Task: In the entries below, find the line with "New commercial garage doors" and the line with "Lãnh đạo tỉnh". Repeat exactly everything between them, those two lines included, but not the pictures.

*** Recorded data

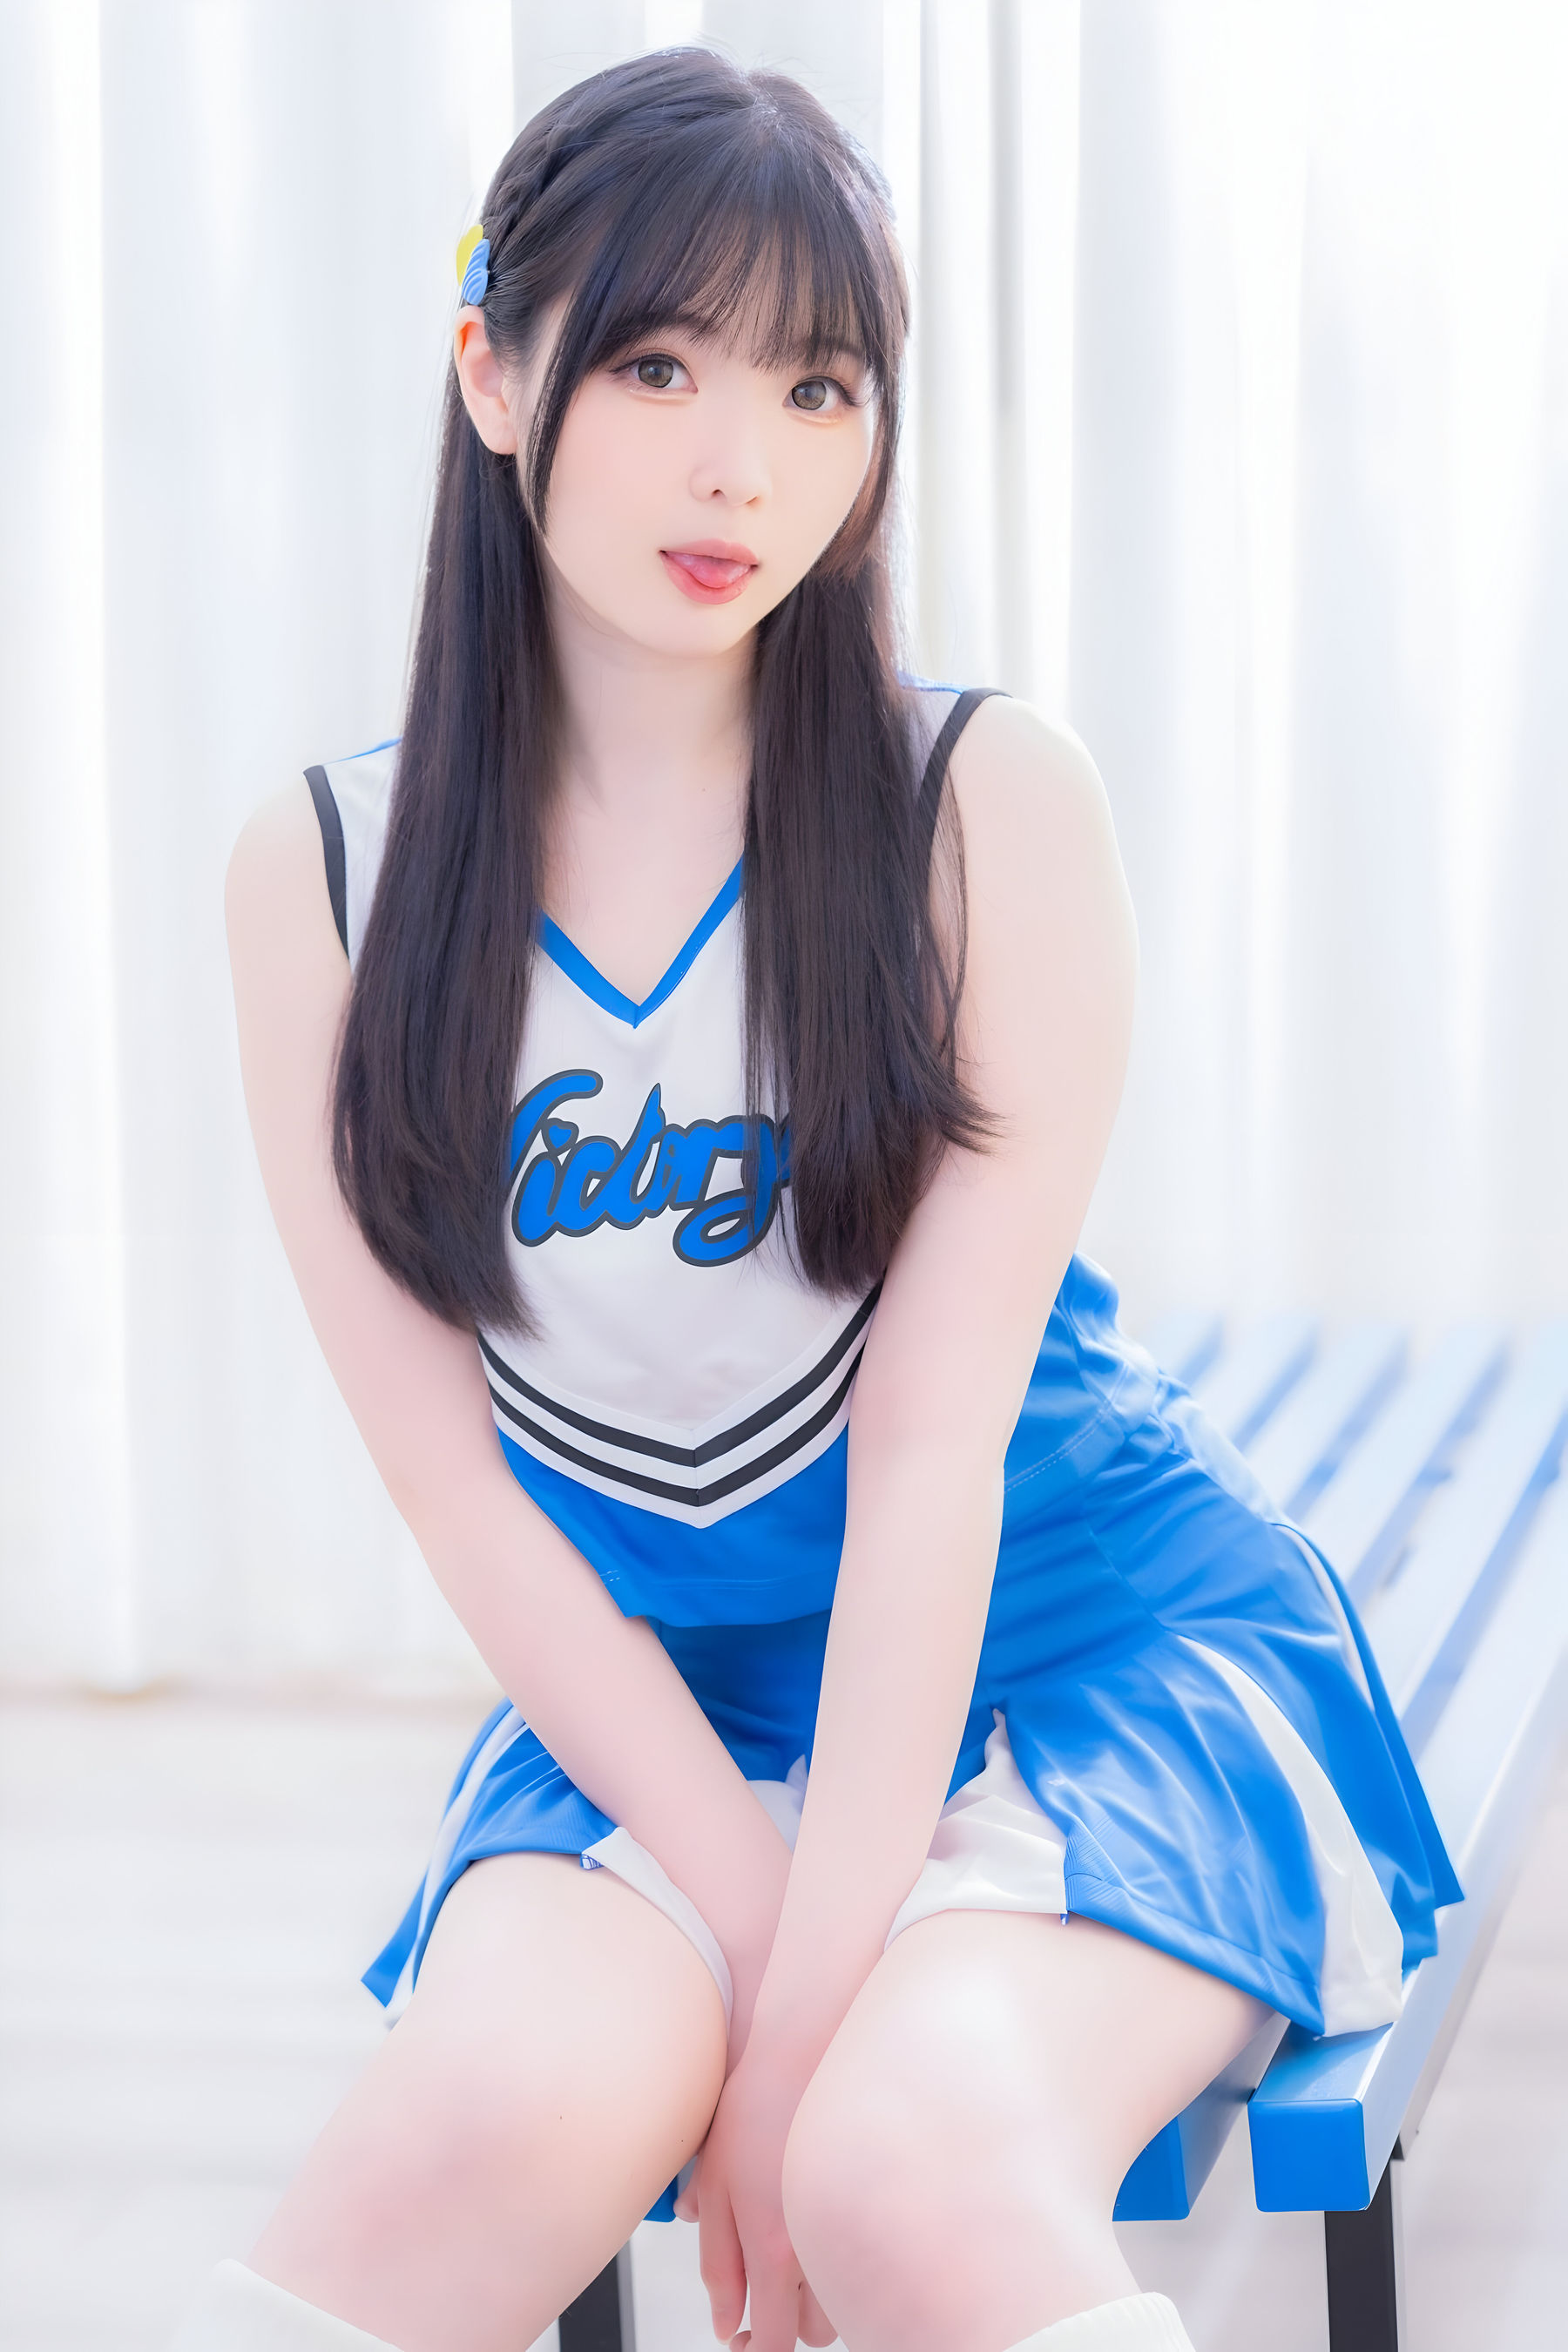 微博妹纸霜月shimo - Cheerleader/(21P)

******
*** Recorded data

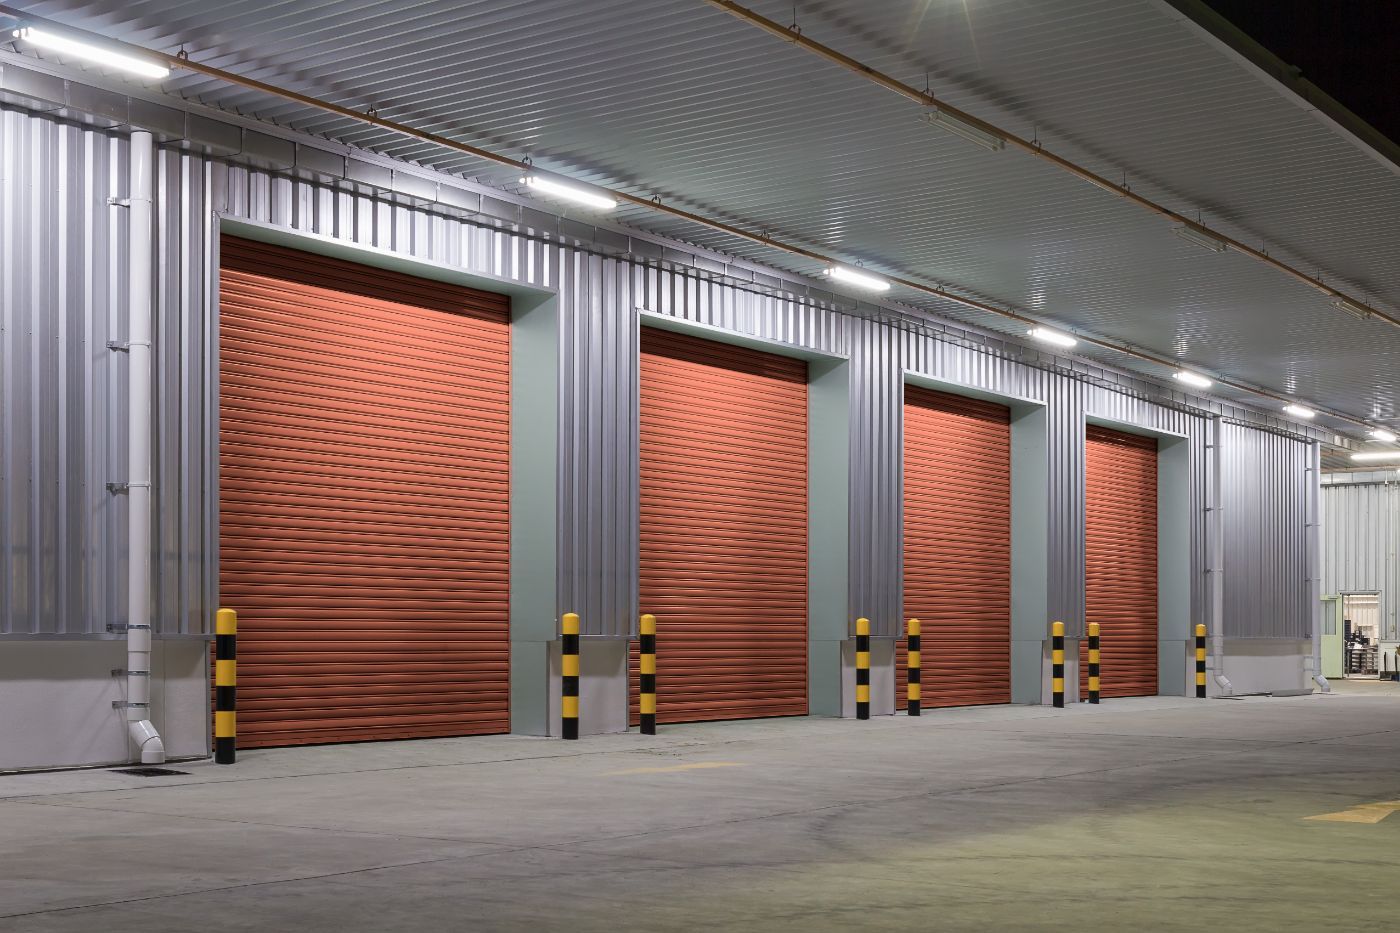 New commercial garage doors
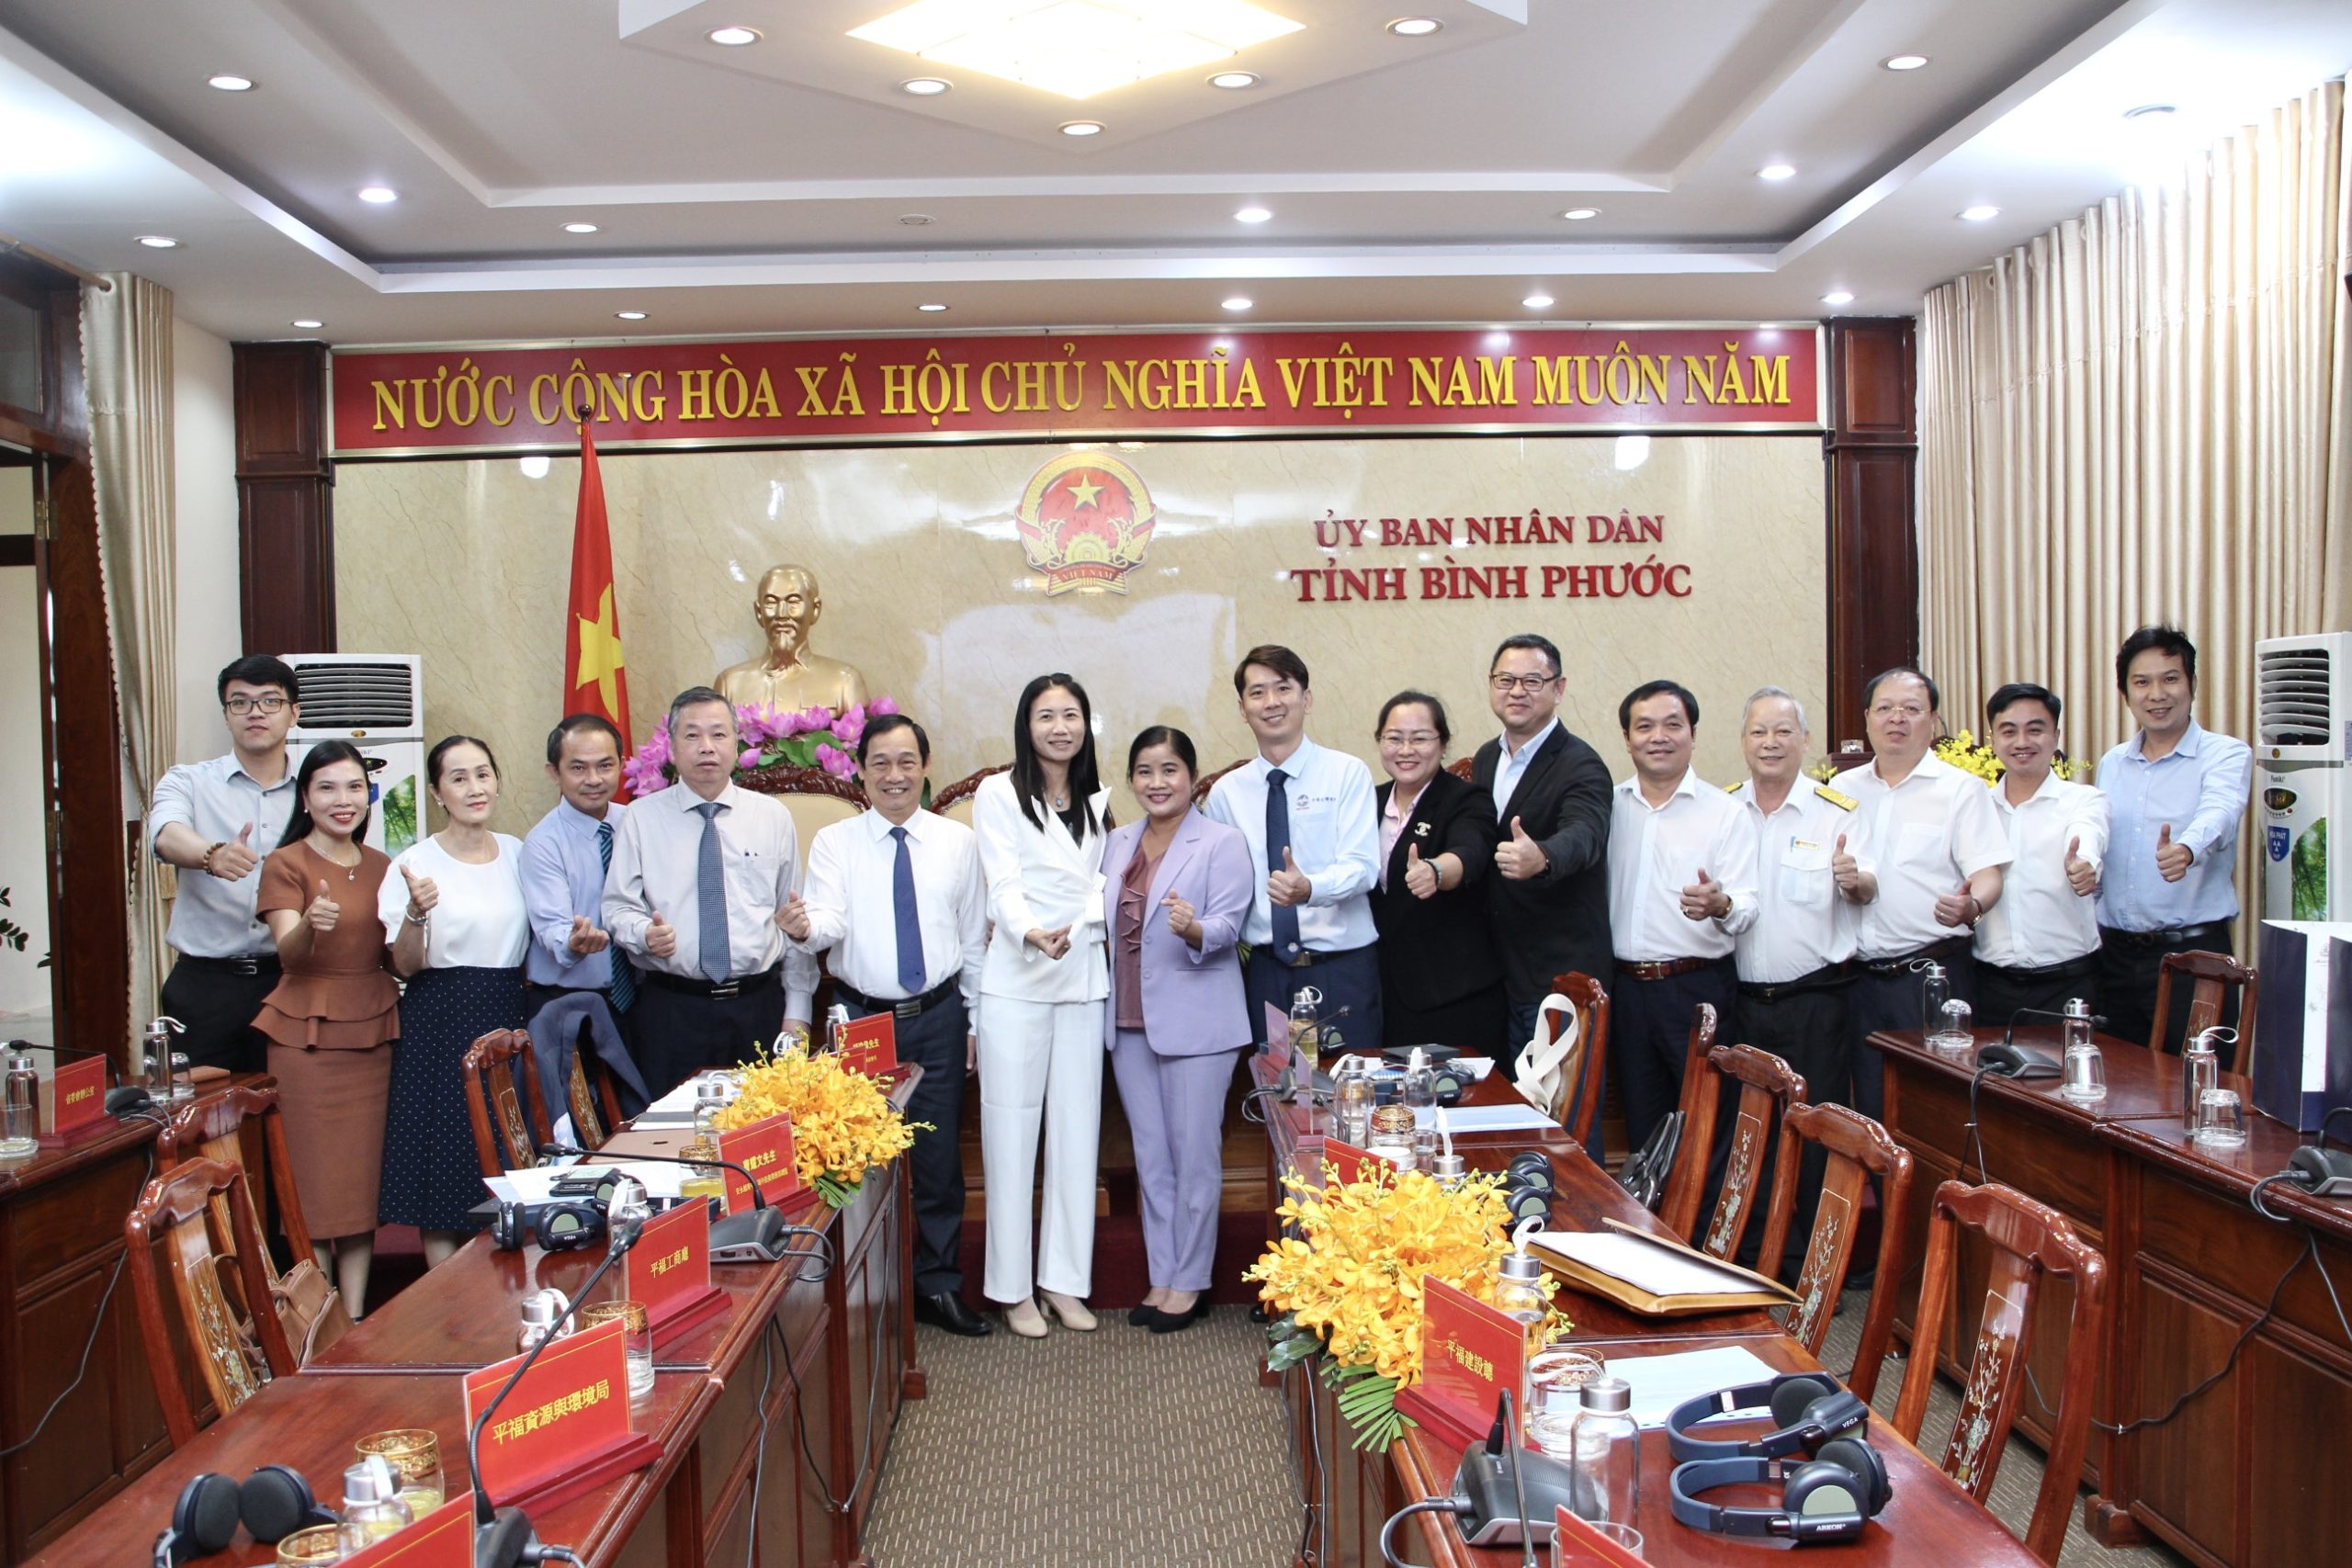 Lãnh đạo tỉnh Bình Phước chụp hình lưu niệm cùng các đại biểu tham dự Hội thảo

******

Output below:
 New commercial garage doors
 Lãnh đạo tỉnh Bình Phước chụp hình lưu niệm cùng các đại biểu tham dự Hội thảo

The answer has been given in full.